Kolumne

"Steigbügelhalter für Wintel"

23.01.1997

Eine Krähe hackt der anderen kein Auge aus. Für kaum ein Duo in der IT-Branche ist diese Volksweisheit so gültig wie für die Herren Gates und Grove, die mit wechselseitiger Unterstützung ihr jeweiliges Monopol Jahr für Jahr weiter ausbauen. Unbehelligt von staatlichen Eingriffen geben Intel und Microsoft die Taktzahl im Markt für Informationssysteme vor.

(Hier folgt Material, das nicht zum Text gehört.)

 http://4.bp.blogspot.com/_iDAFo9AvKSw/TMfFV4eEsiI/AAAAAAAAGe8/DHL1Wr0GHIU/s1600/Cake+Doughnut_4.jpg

Wie eine Planierraupe überrollt das Gespann die gesamte Branche, und kaum jemand hat ihm etwas entgegenzusetzen. So verlieren die RISC-Architekturen von IBM, Digital, Hewlett-Packard oder Siemens-Nixdorf an Bedeutung, weil Microsoft Windows NT gar nicht oder nur widerwillig darauf laufen läßt. Diese Plattformen werden ins gehobene Marktsegment verdrängt, wo professionelle Anwender im Mission-critical-Bereich weiterhin auf Unix vertrauen - noch.

Für jedermann erkennbar bauen Intel und Microsoft ihre Marktanteile aus, indem sie mit hohem Tempo aus dem Desktop-Geschäft in den Markt für leistungsstarke Server-Systeme hineingaloppieren. Die Reaktion der etablierten IT-Unternehmen: Sie halten brav den Steigbügel und bieten Pentium- oder Pentium-Pro-Server unter Windows NT an.

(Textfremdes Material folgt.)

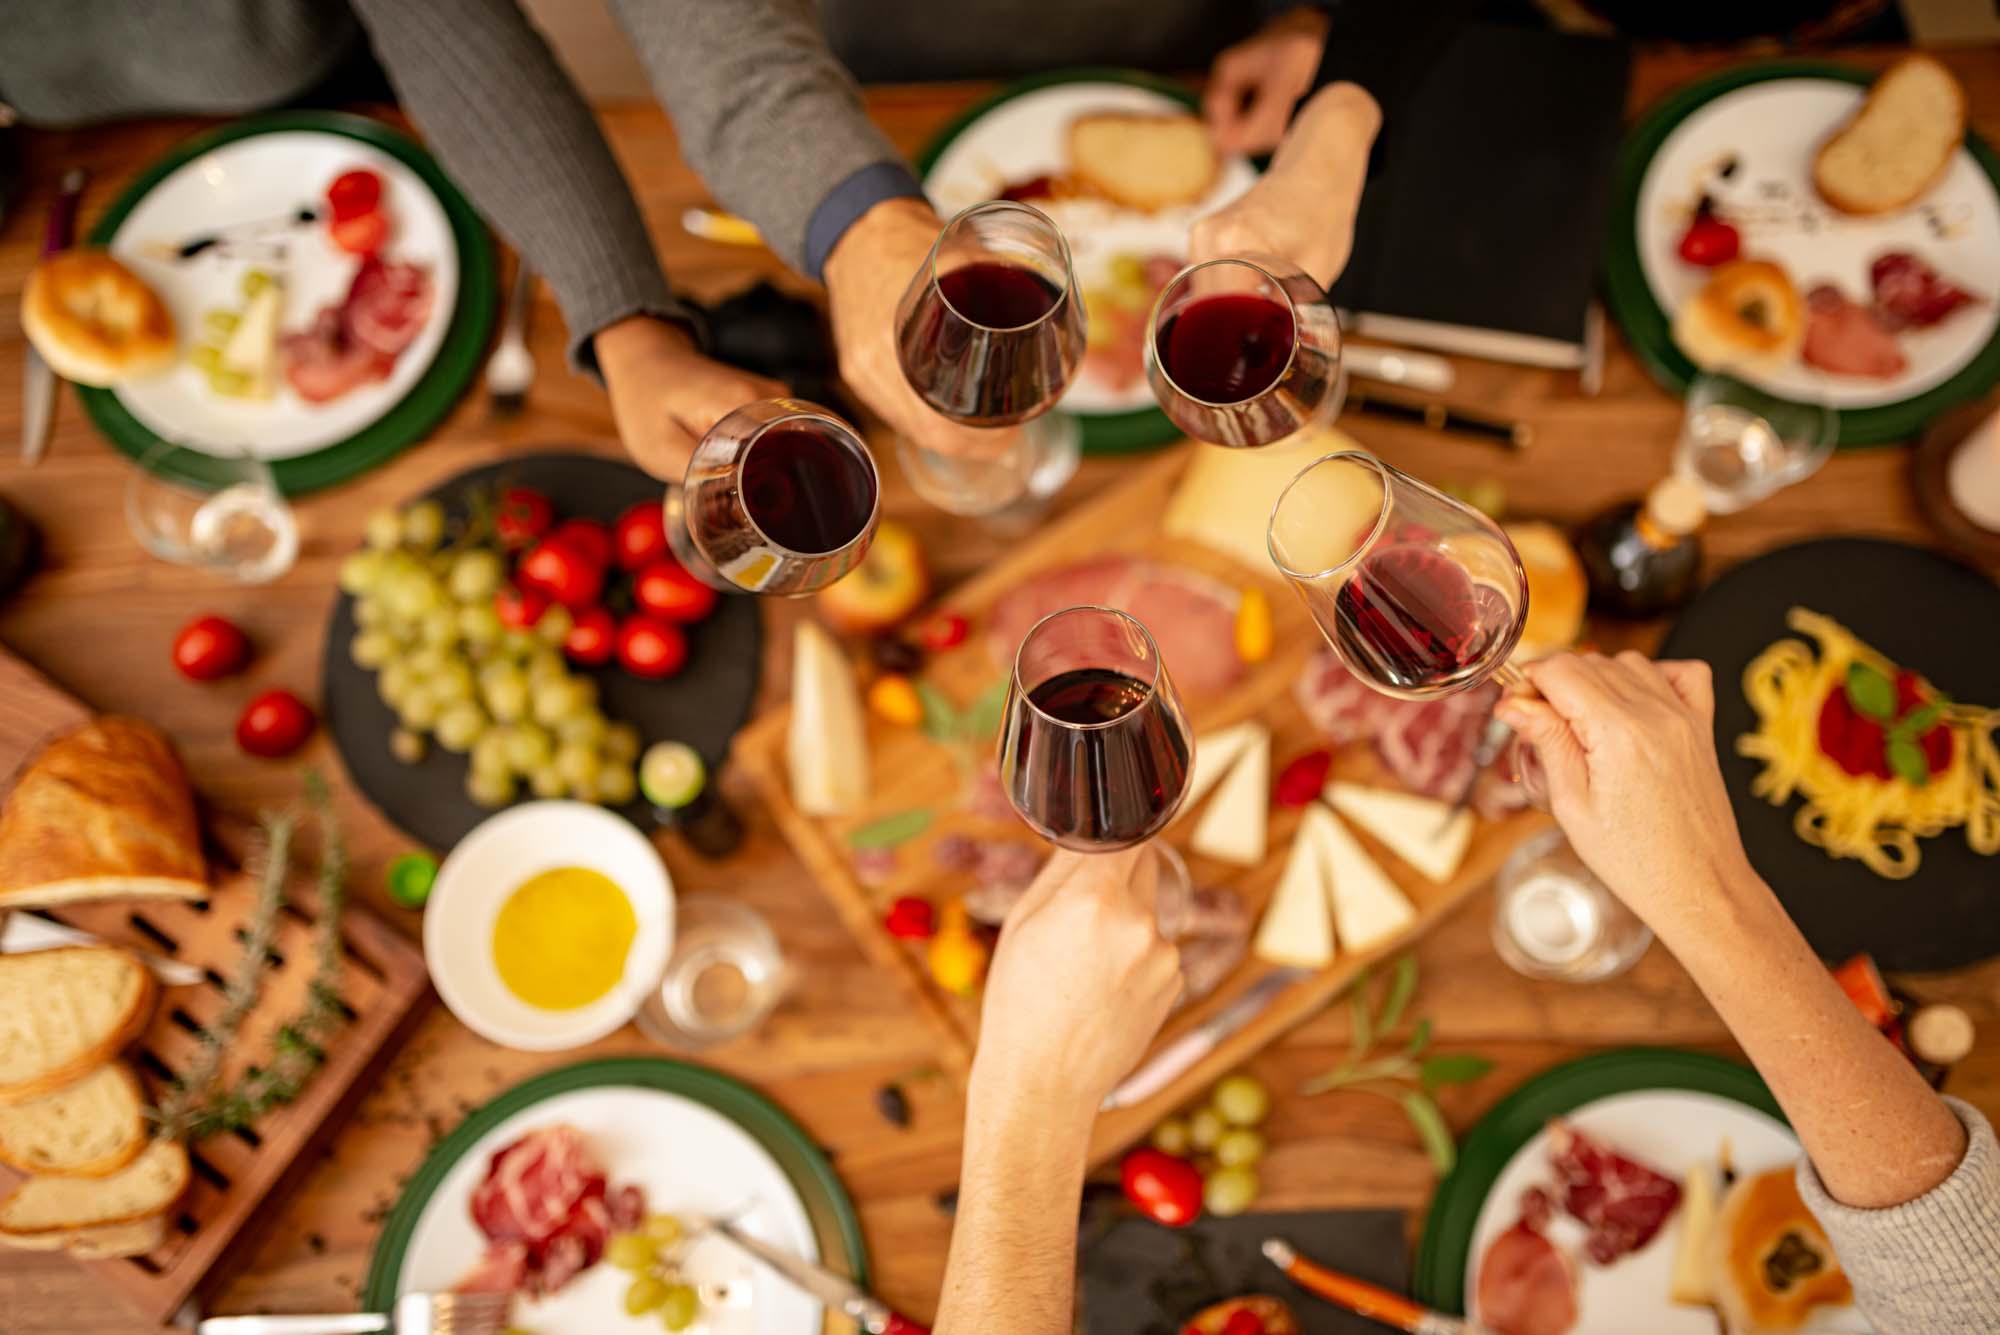 Cucina Amatoriale Formazione Manageriale a Genova

Wer an freiem Wettbewerb und Marktwirtschaft interessiert ist, muß stirnrunzelnd zur Kenntnis nehmen: Von IBM über Hewlett-Packard bis hin zu Digital und NCR - eine ganze Riege von Traditionsanbietern läuft dem Wintel-Duo hinterher. Geschäftspolitik reduziert sich darauf, möglichst früh die Signale aus Redmond oder Santa Clara zu erkennen. Vorteile sollen errungen werden, indem man nach dem Vorbild von Compaq oder SAP ein sehr enges Verhältnis zu dem Gespann pflegt.

Wer gedacht hätte, der Internet-Boom könnte der Wintel-Allianz einen Streich spielen, der hat nicht mit dem Opportunismus der auf schnelle Erfolge zielenden Branche gerechnet. Anstatt der Opposition beizutreten und die Monopolsituation zu entschärfen, warteten die meisten Anbieter ab, bis Microsoft in der Lage war, mit geballter Finanzkraft den großen Rückstand in diesem Business zumindest teilweise wettzumachen. So bleibt es wohl dabei, daß allein Sun Microsystems den Mut hat, eine eigene Hardware- und Betriebssystem-Strategie durchzuziehen - mit Erfolg übrigens.